**Supplied data**
################
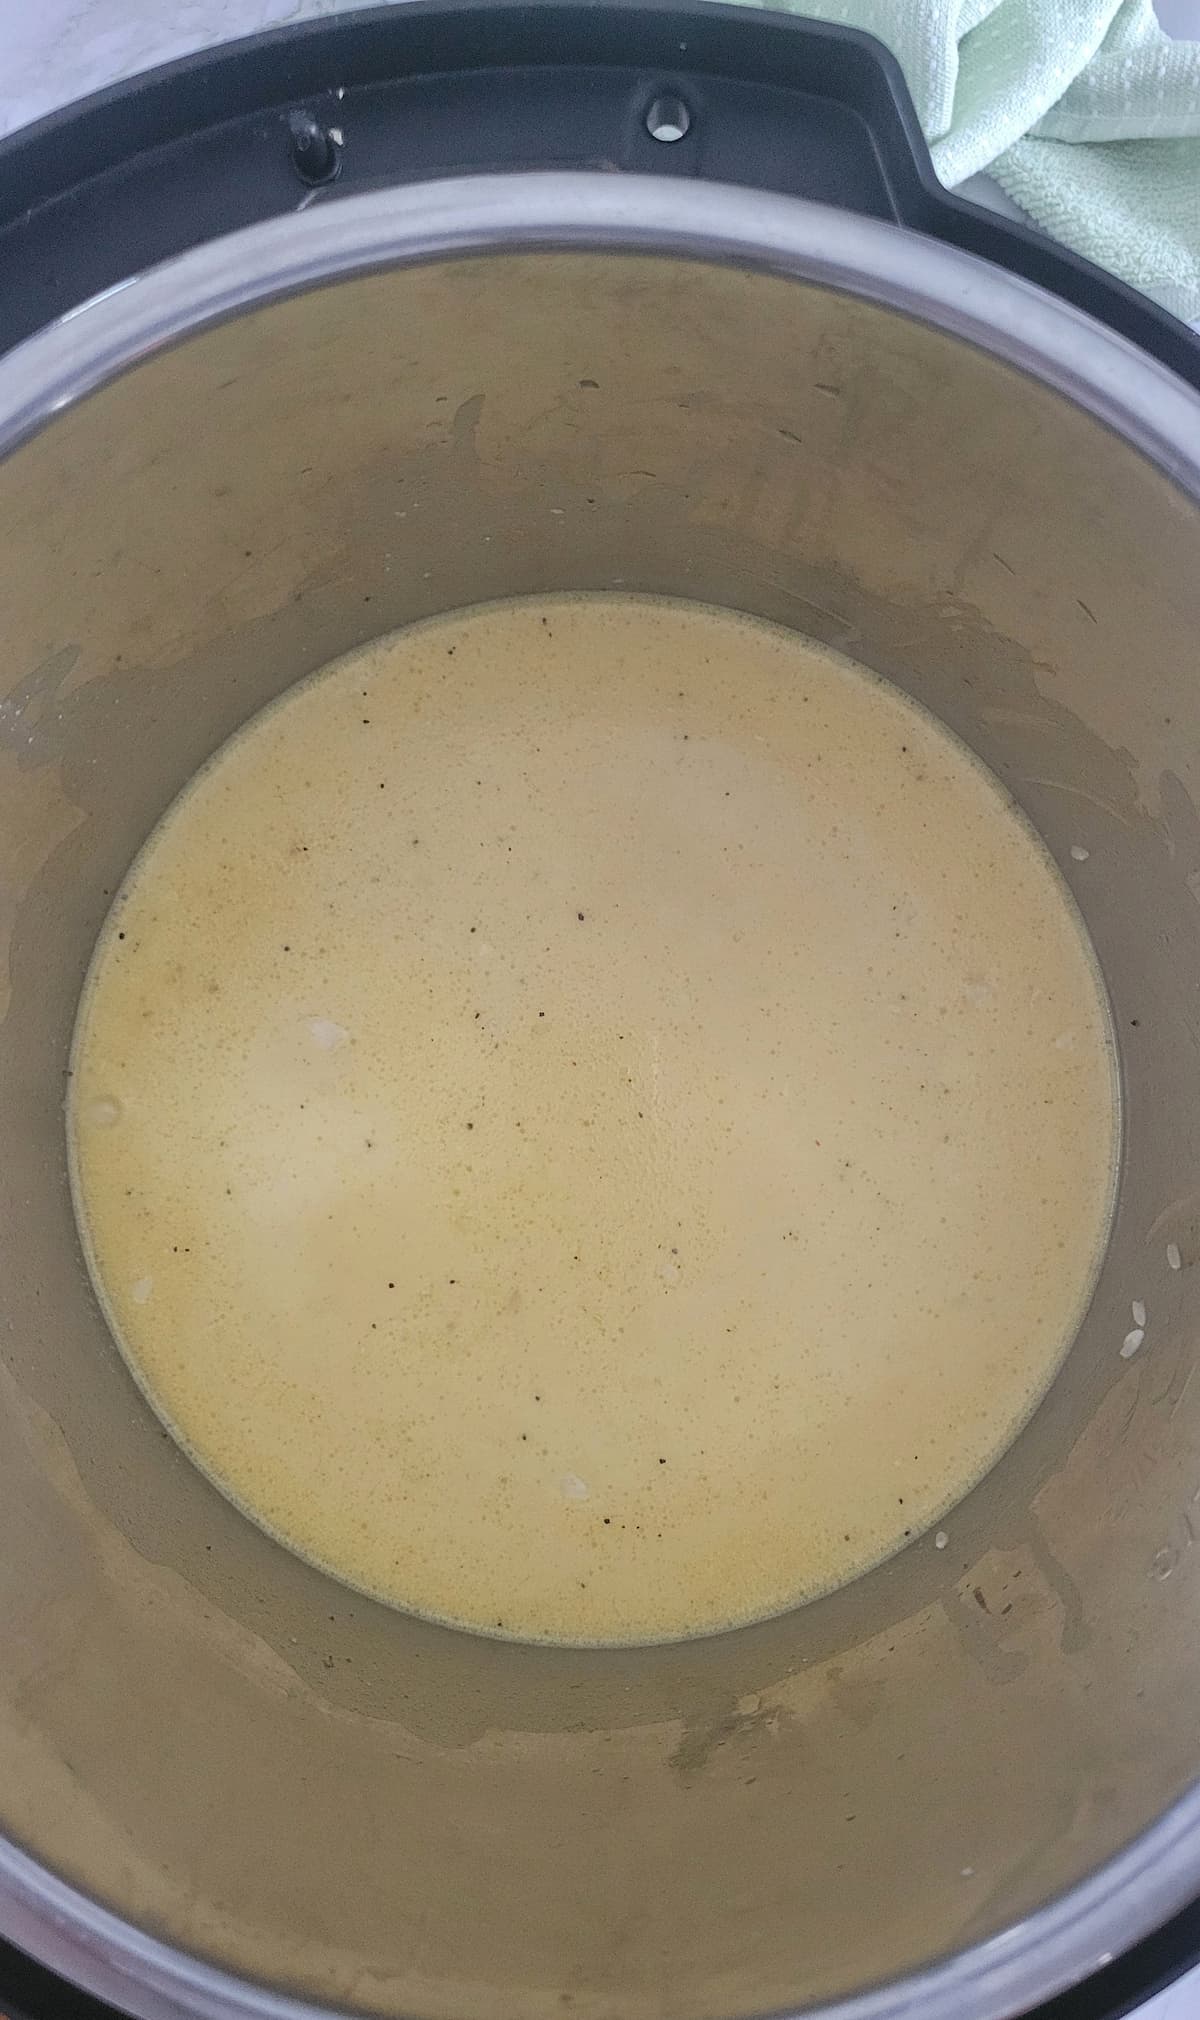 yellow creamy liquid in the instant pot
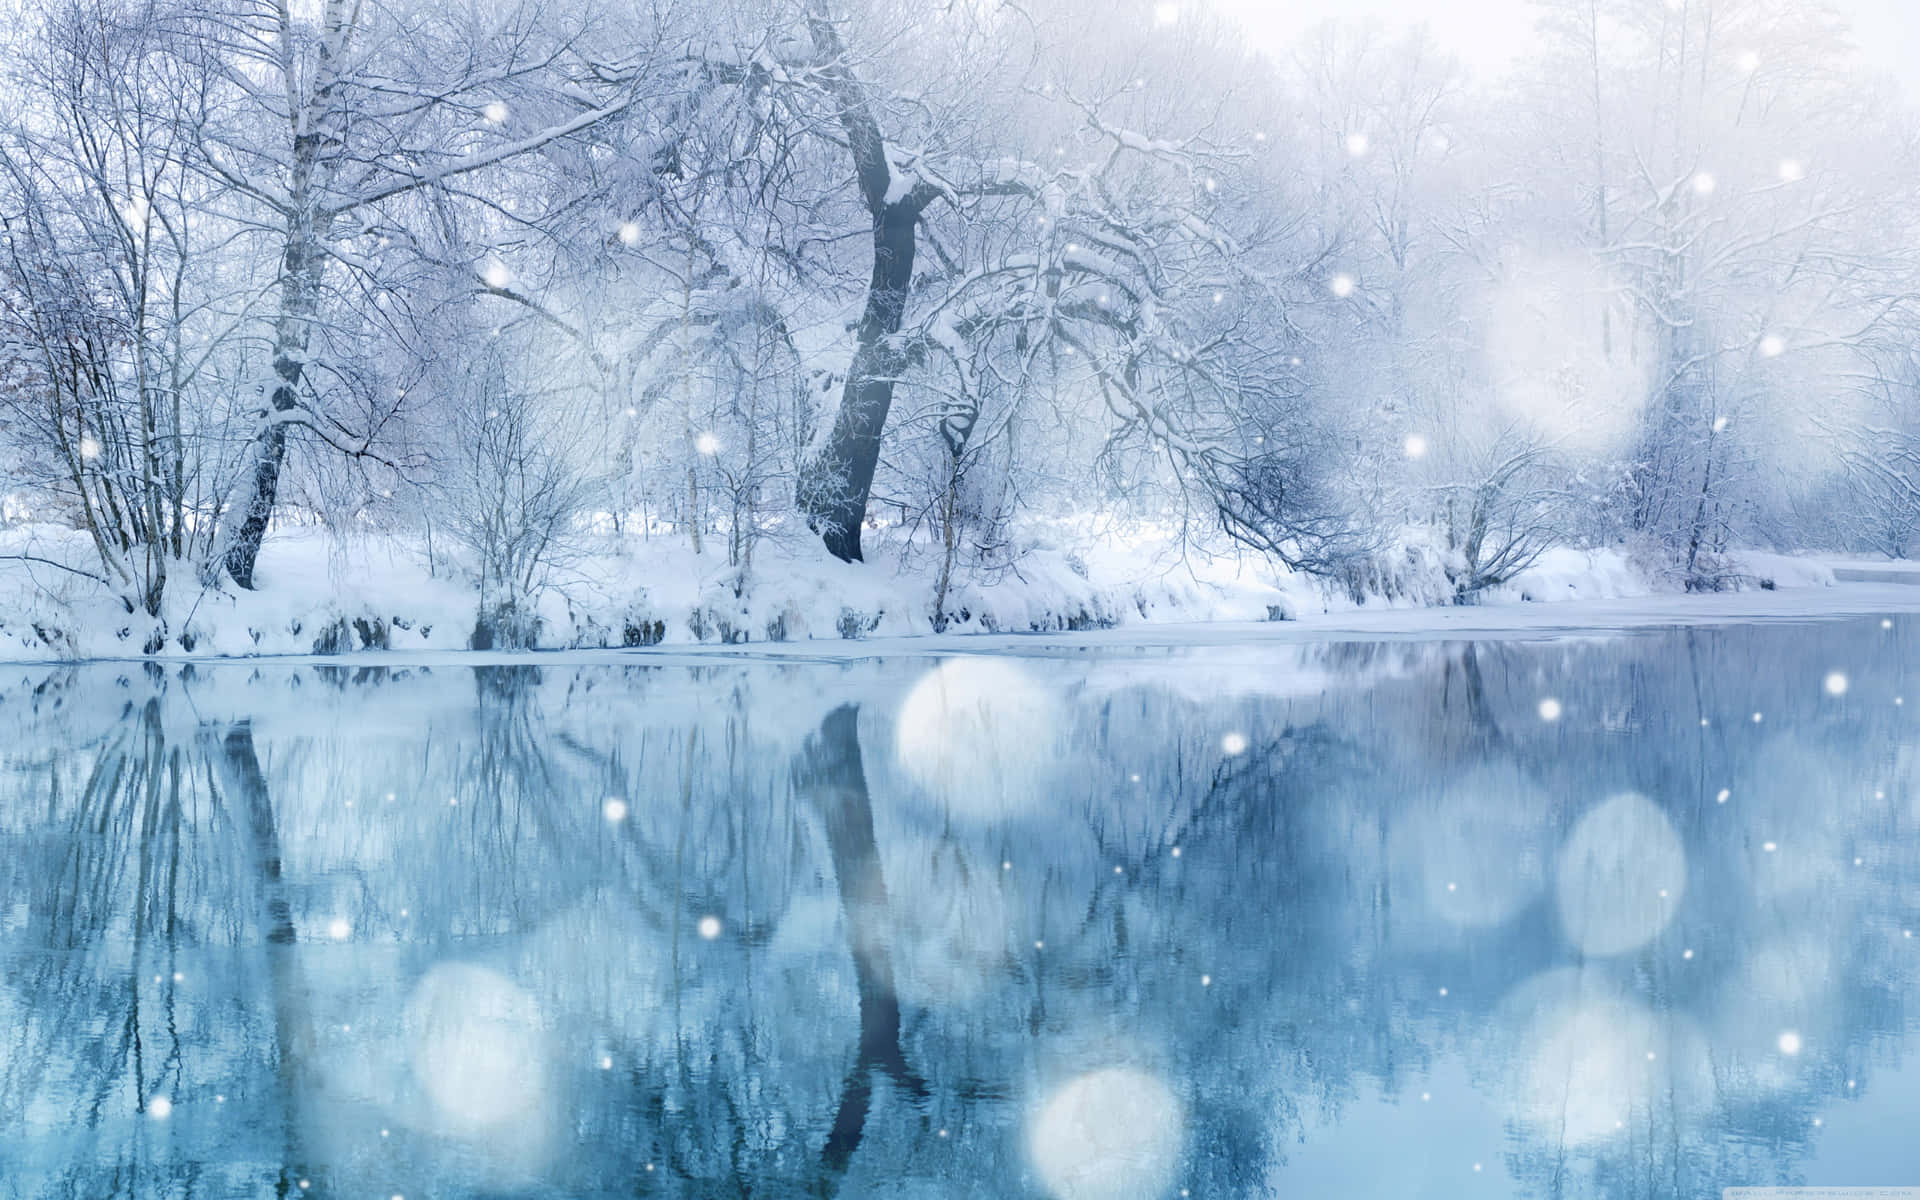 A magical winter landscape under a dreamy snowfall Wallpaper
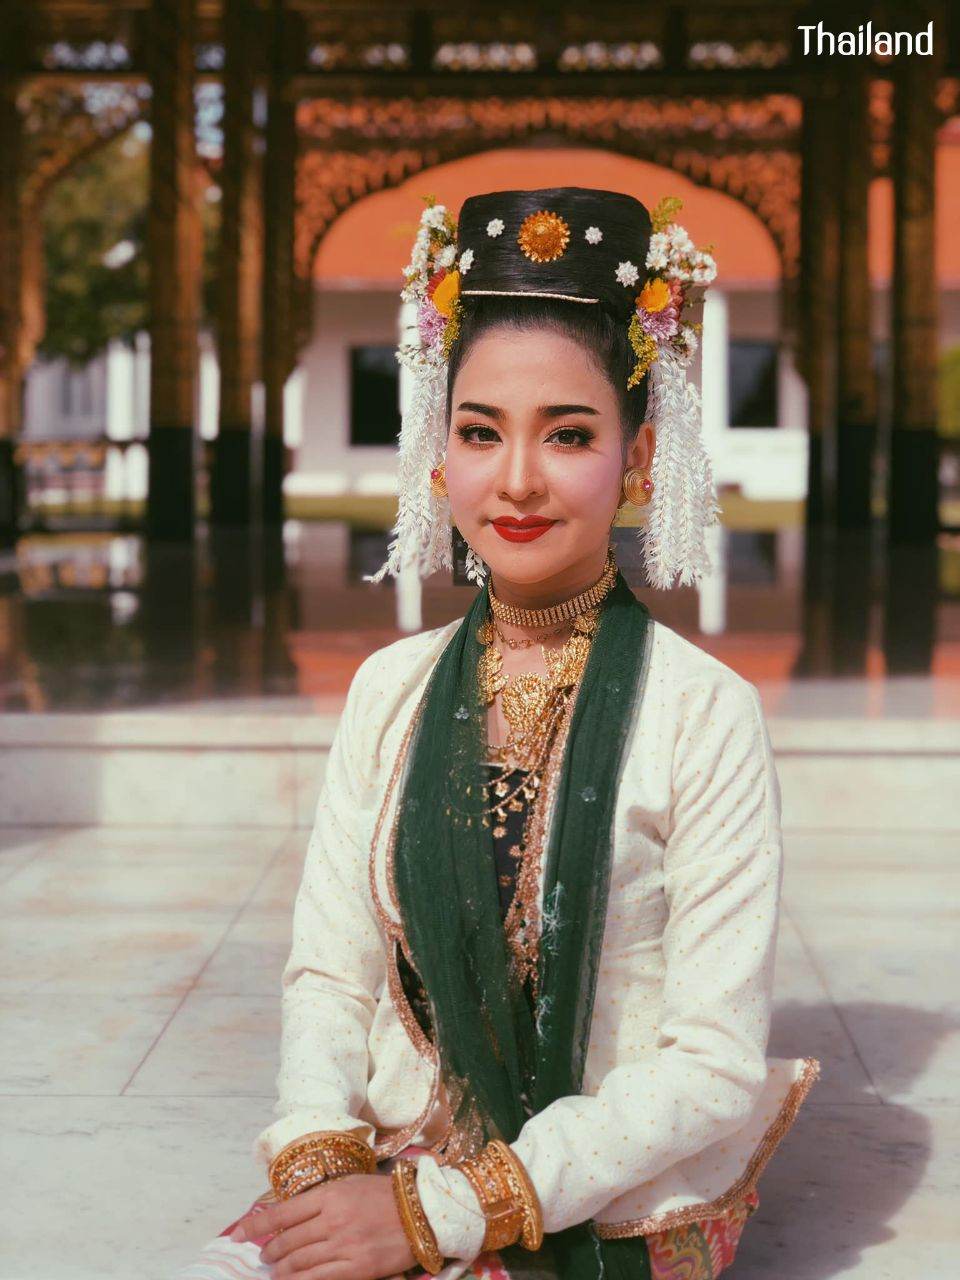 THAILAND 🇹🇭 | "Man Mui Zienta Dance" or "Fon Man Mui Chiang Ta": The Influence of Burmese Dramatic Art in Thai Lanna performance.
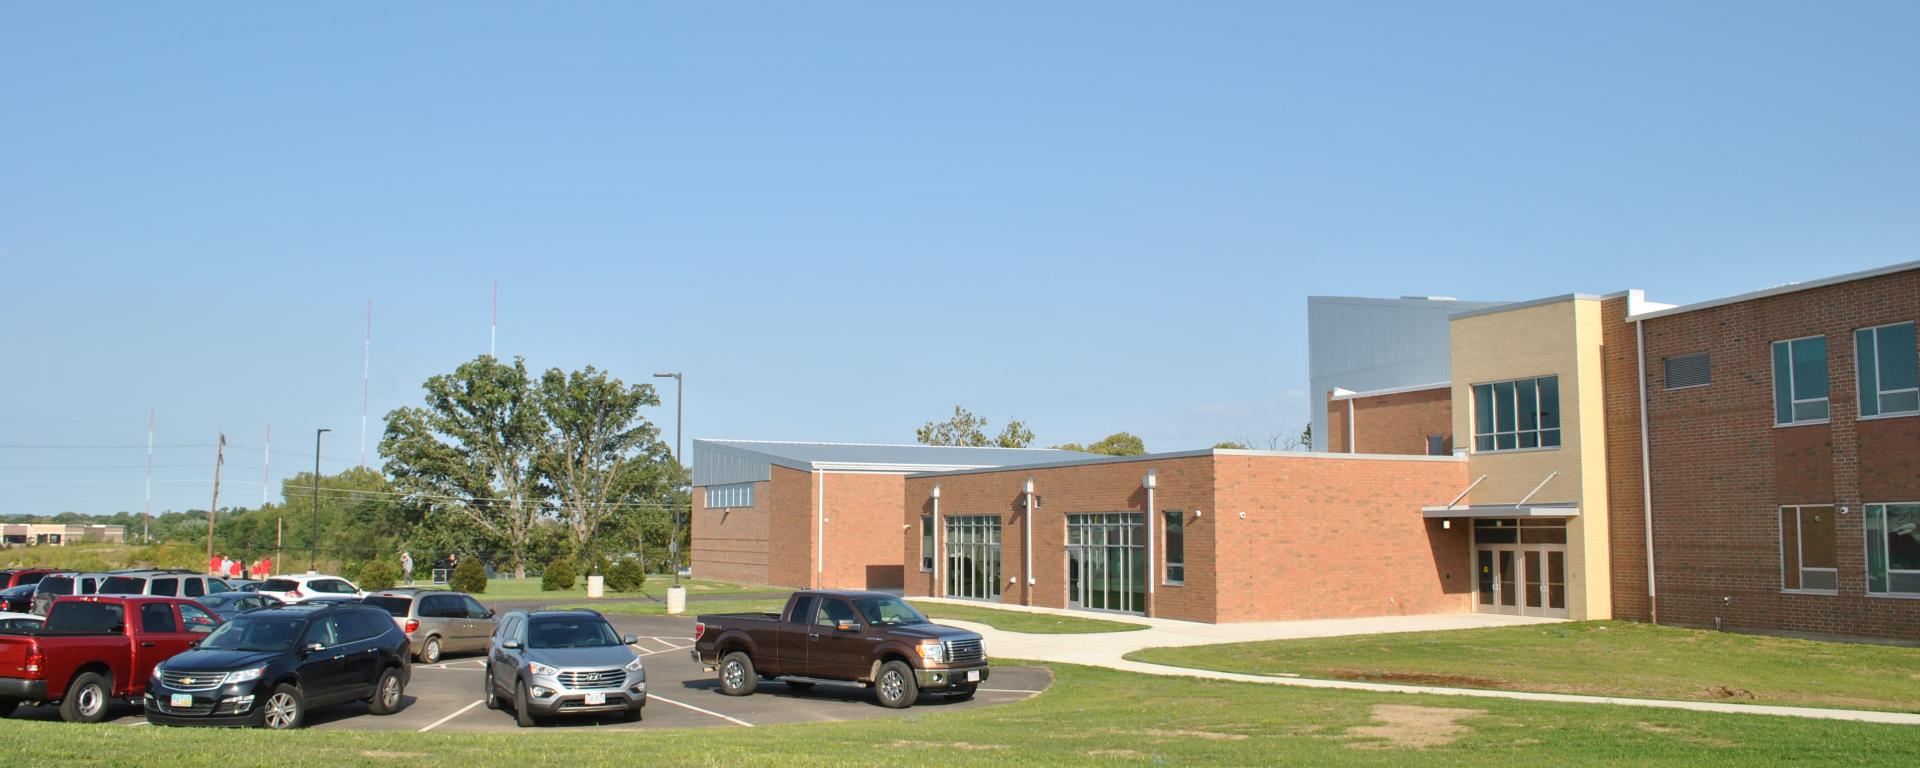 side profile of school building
################
**Exercise details**
Apart from the pictures, every line above must be printed exactly.

**Worked solution**
 yellow creamy liquid in the instant pot
 A magical winter landscape under a dreamy snowfall Wallpaper
 THAILAND 🇹🇭 | "Man Mui Zienta Dance" or "Fon Man Mui Chiang Ta": The Influence of Burmese Dramatic Art in Thai Lanna performance.
 side profile of school building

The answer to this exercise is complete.